Kerala: Central team to visit elevated corridor site
A high-level meeting of both Kerala and Karnataka transport and forest officials will also be held in Bengaluru on March 6.
THIRUVANANTHAPURAM: The site for the Rs 250- crore, 27-km elevated corridor between Muthanga and Gundlupet will be inspected by the officials of the Union Ministry of Road, Transport and Highways (MoRTH) and Ministry of Environment, Forests and Climate Change (MoEF) on March 7. A high-level meeting of both Kerala and Karnataka transport and forest officials will also be held in Bengaluru on March 6.
Deccan Chronicle had reported on February 13 that a top transport department official had given a presentation before the MoRTH and MoEF officials as per the National Transportation Planning and Research Centre's (NATPAC) 2016 feasibility report on the elevated corridor. Accordingly, MoRTH secretary and a National Wildlife Board member will visit the Bandipur national park and inspect the stretch. A top transport official told DC that Kerala needs the elevated corridor only on a 5-km radius where wild animals, especially elephants, normally pass through the 'elephant corridor.'
"We require the elephant corridor at Muthanga region like in foreign countries so that the man-animal conflict is eliminated. The officials will visit the Bandipur national park on March 7," said a top transport official. Kerala has only 10- km on the total 27-km stretch between Muthanga and Gundlupet. Karnataka has to consider a 17-km stretch, but Kerala hopes to convince the Karnataka forest department officials on the merits of the project.

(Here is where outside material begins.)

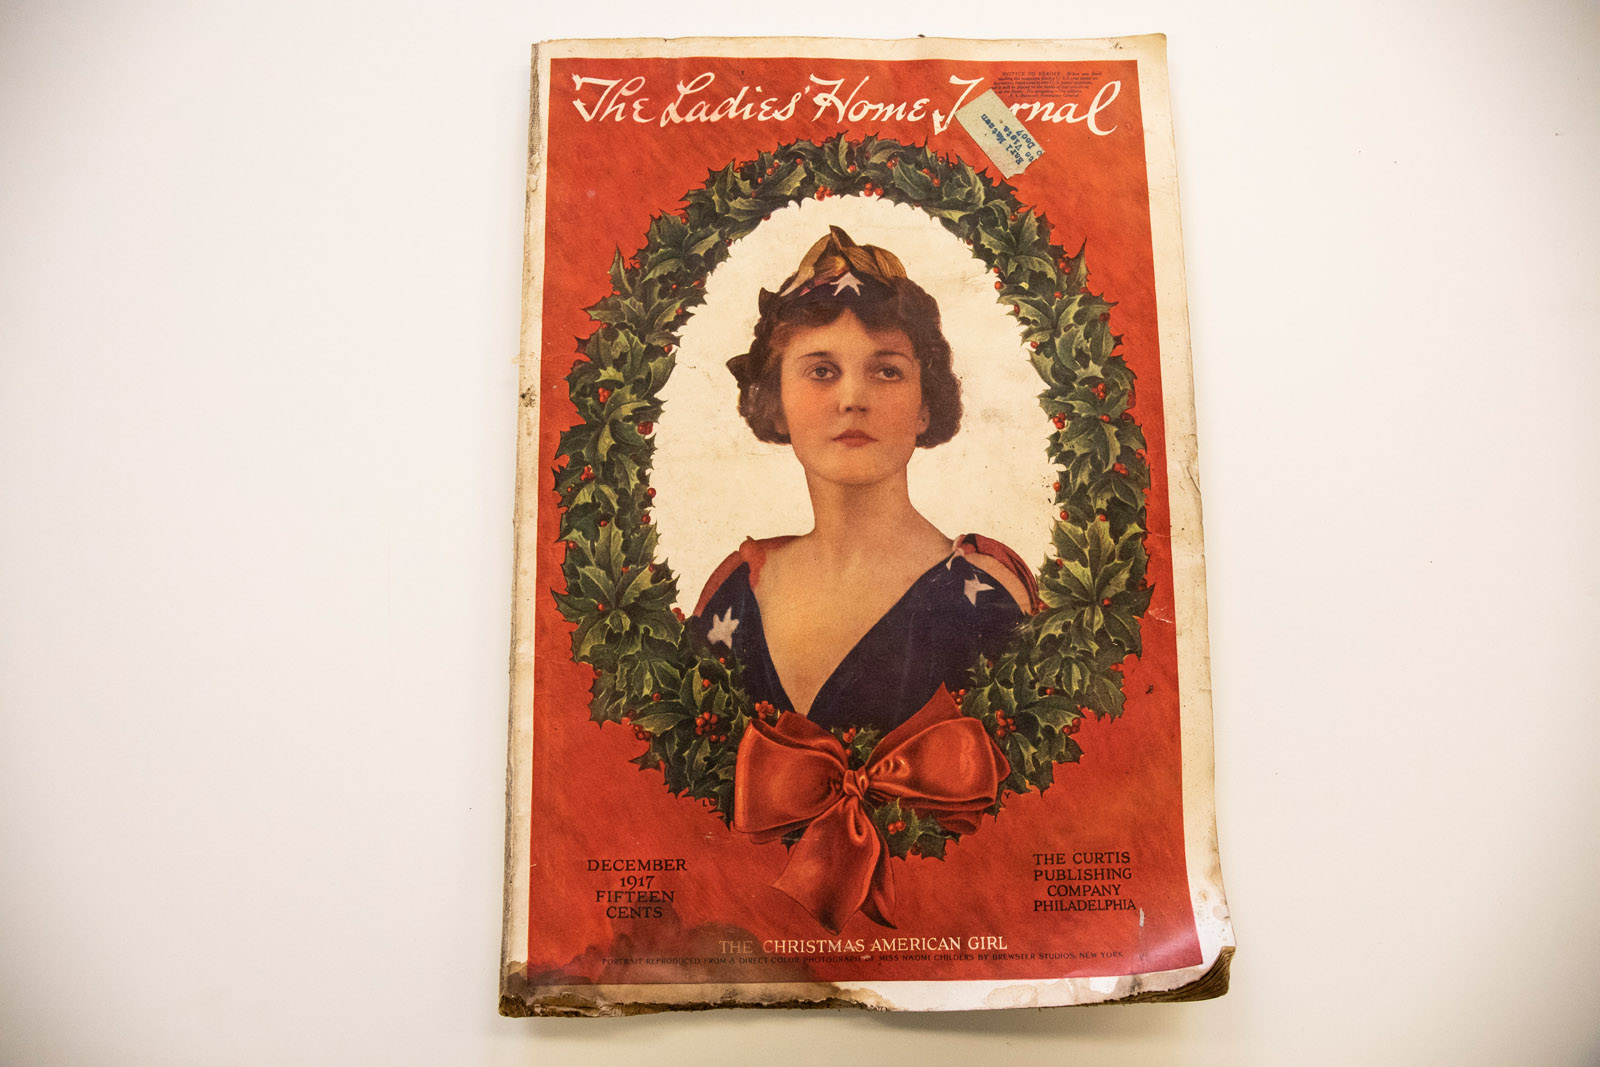 Pictured: A Ladies Home Journal magazine. Ella Axelrod has spent months investigating, cataloging and digging into the mysteries of a buried box of odd treasures from the late 1800s and early 1900s as a part of their Summer Collaborative Research.

The night travel ban along the Bandipur-Mudumalai and Bandipur-Sultan Bathery road stretches was imposed on June 3, 2009 by Mr Manoj Kumar Meena, the then Chamarajanagar district collector. The vehicular movement through NH 212 (Gundlupet-Sulthan Bathery Road) and NH 67 (Gundlupet-Ooty Road), both passing through the Bandipur sanctuary, was banned from 10 p.m. to 6 a.m. for protecting the wildlife from speeding vehicles.